The poster presentation, “Nicotinamide (NAM) Modulates Transcriptional Signature of Ex Vivo Cultured UCB CD34+ Cells (Omidubicel) and Preserves Their Stemness and Engraftment Potential” (Abstract 3718), included transcriptome, transcription factor, and pathway analysis to elucidate the pathways leading to the preservation of engraftment after ex vivo expansion of CD34+ hematopoietic stem cells derived from umbilical cord blood (the starting point for omidubicel) compared to CD34+ cells grown in the absence of NAM.
Analyses showed that the presence of NAM reduced the expression of genes involved in the production of reactive oxygen and nitrogen species, suggesting that cell stress was minimized during expansion. In addition, NAM also decreased growth factor pathways responsible for activation and differentiation of hematopoietic stem cells, suggesting NAM expanded cells while keeping them in an undifferentiated state. The presence of NAM also led to a decrease in the expression of genes responsible for matrix-metallo proteinase secretion, simulating the microenvironment of the bone marrow. Additionally, NAM led to an increased expression of telomerase genes, which is believed to enable cells to remain in a more quiescent, stem-like state. These data provide further scientific rationale for the favorable stem cell engraftment and patient outcomes that were observed in the phase I/II clinical study of omidubicel.

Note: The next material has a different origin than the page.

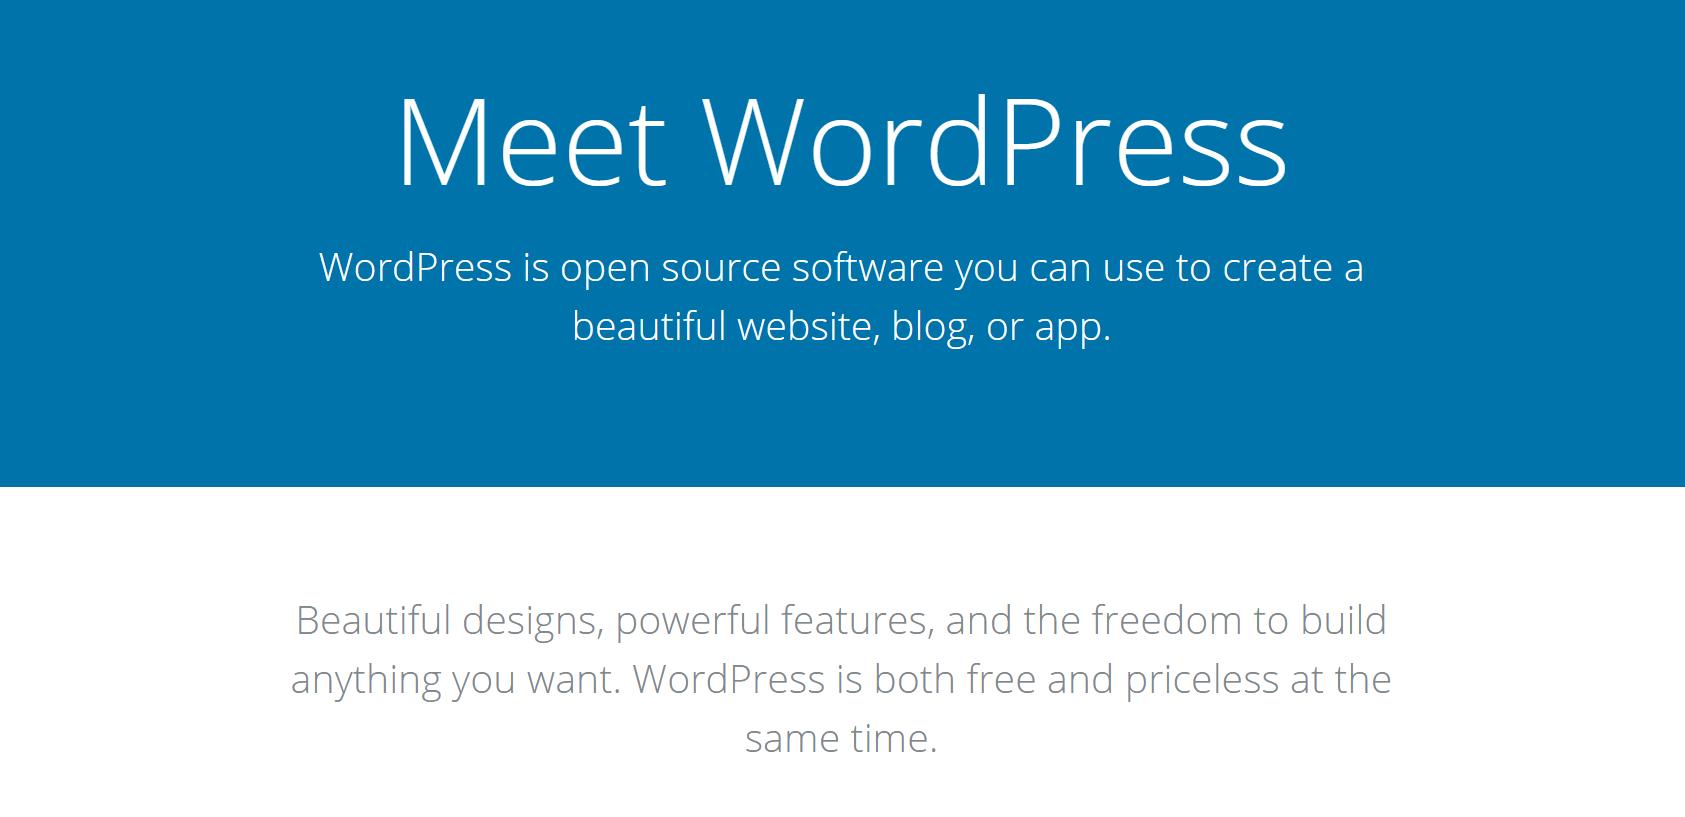 The WordPress website.
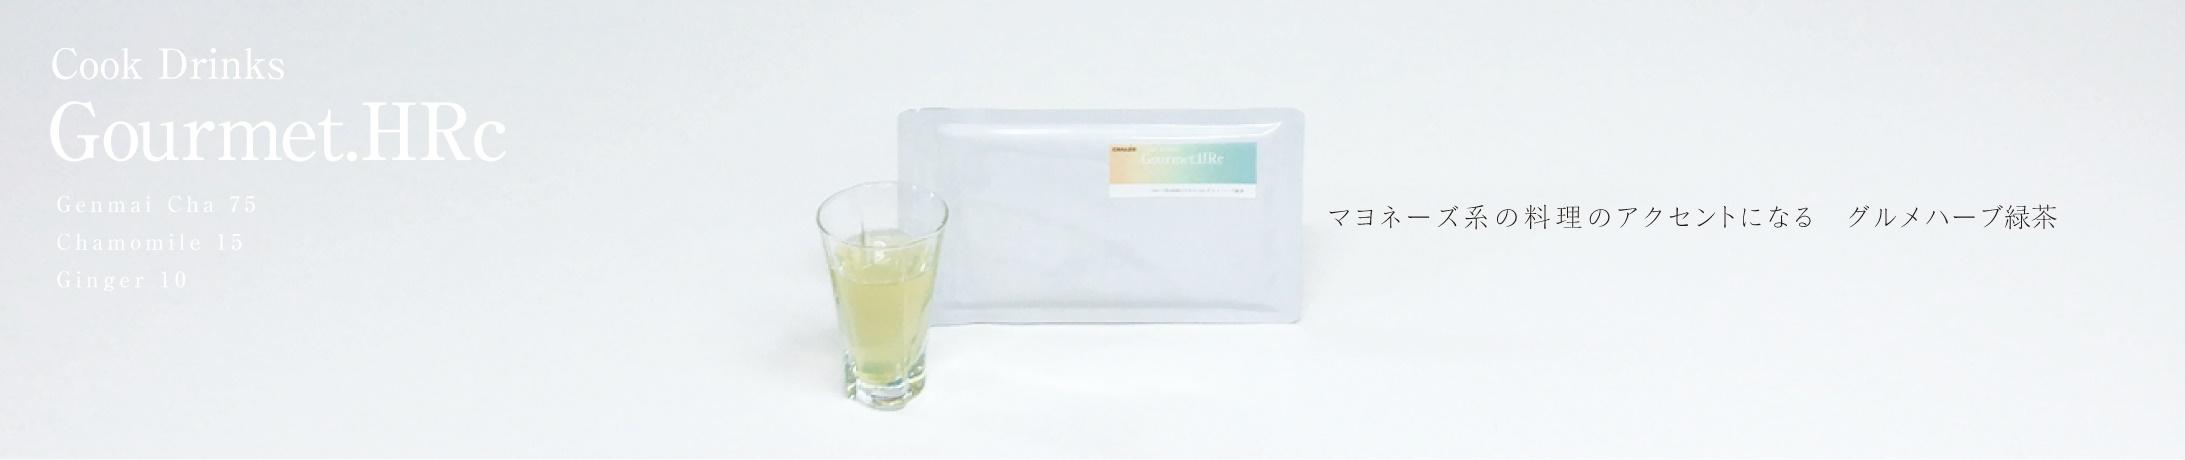 グルメハーブ緑茶2

GDA-201 (formerly known as NAM-NK) is being developed as an innate natural killer (NK) cell immunotherapy for the treatment of hematologic and solid tumors in combination with standard-of-care antibody therapies. NK cells have the ability to kill tumor cells, representing a novel immunotherapeutic approach to cancer treatment. GDA-201 is designed to address key limitations of NK cells by increasing the cytotoxicity and in vivo retention and proliferation in the bone marrow and lymphoid organs of NK cells expanded in culture. It is in phase I development in patients with refractory non-Hodgkin lymphoma and multiple myeloma.